According to the study published in the New England Journal of Medicine, researchers identified 'anti-nephrin autoantibodies' as a reliable biomarker to monitor disease progression, opening new avenues for personalized treatment approaches.
Nephrotic syndrome, characterized by high protein levels in the urine, is associated with kidney diseases such as minimal change disease (MCD), primary focal segmental glomerulosclerosis (FSGS), and membranous nephropathy (MN).
According to researchers, the primary reason behind this syndrome is damage to T podocytes, which are the cells responsible for filtering the kidneys, which allows proteins to leak into the urine.
To diagnose such conditions, researchers introduced a new technique combining immunoprecipitation with enzyme-linked immunosorbent assay (ELISA) to reliably detect anti-nephrin autoantibodies.

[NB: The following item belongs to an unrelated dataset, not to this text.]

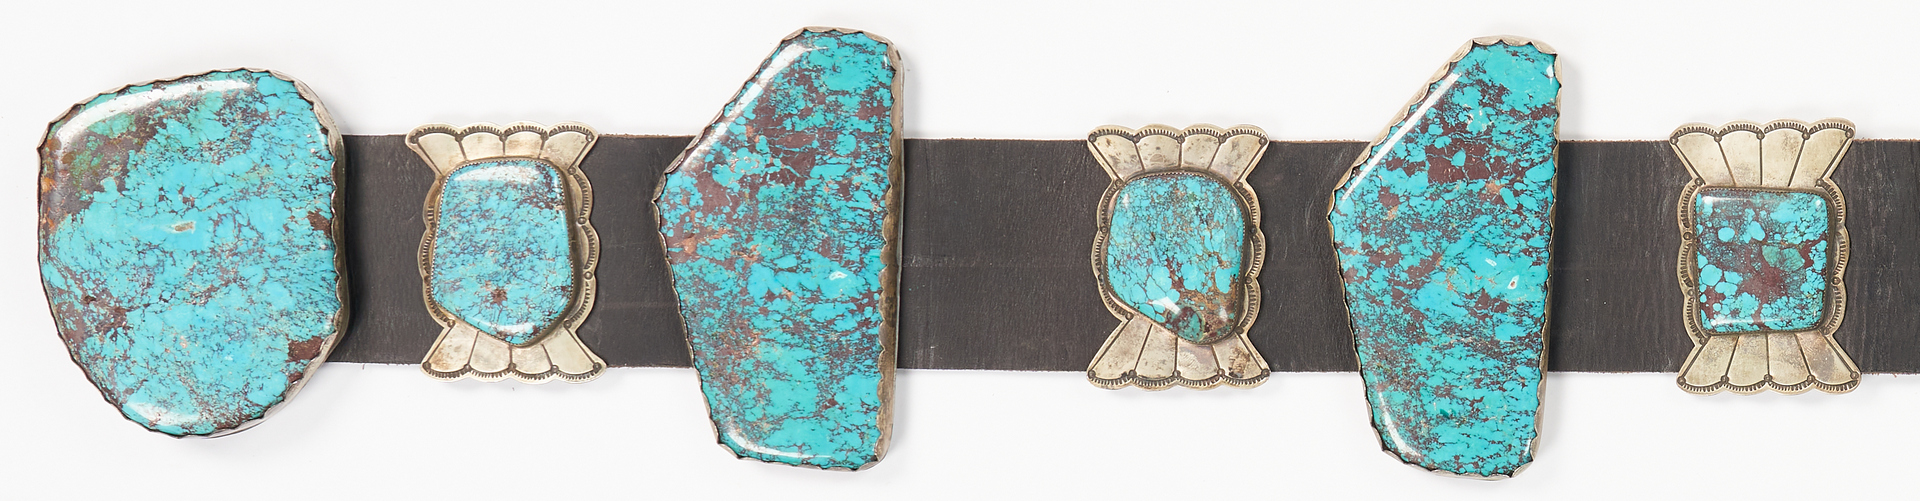 Lot 632: Native American Sterling Silver, Large Turquoise Stone Concho Belt

Co-author Dr. Nicola M. Tomas said, “The identification of anti-nephrin autoantibodies as a reliable biomarker, combined with our hybrid immunoprecipitation technique, advances our clinical practice in kidney disorders with nephrotic syndrome and disease progression.” "Will advance capabilities to a great extent." "New avenues for close surveillance."
The findings showed that anti-nephrin autoantibodies were prevalent in 69 percent of adults with MCD and 90 percent of children with INS (idiopathic nephrotic syndrome) who were not treated with immunosuppressive drugs.
"Importantly, levels of these autoantibodies correlate with disease activity, suggesting their potential as biomarkers to monitor disease progression," the researchers said. Very few antibodies were seen in other diseases also. Was."
Nephrotic syndrome, characterized by high protein levels in the urine, is associated with kidney diseases such as minimal change disease (MCD), primary focal segmental glomerulosclerosis (FSGS), and membranous nephropathy (MN).
According to researchers, the primary reason behind this syndrome is damage to T podocytes, which are the cells responsible for filtering the kidneys, which allows proteins to leak into the urine.
To diagnose such conditions, researchers introduced a new technique combining immunoprecipitation with enzyme-linked immunosorbent assay (ELISA) to reliably detect anti-nephrin autoantibodies.
Co-author Dr. Nicola M. Tomas said, “The identification of anti-nephrin autoantibodies as a reliable biomarker, combined with our hybrid immunoprecipitation technique, advances our clinical practice in kidney disorders with nephrotic syndrome and disease progression.” "Will advance capabilities to a great extent." "New avenues for close surveillance."
The findings showed that anti-nephrin autoantibodies were prevalent in 69 percent of adults with MCD and 90 percent of children with INS (idiopathic nephrotic syndrome) who were not treated with immunosuppressive drugs.
"Importantly, levels of these autoantibodies correlate with disease activity, suggesting their potential as biomarkers to monitor disease progression," the researchers said. Very few antibodies were seen in other diseases also. Was."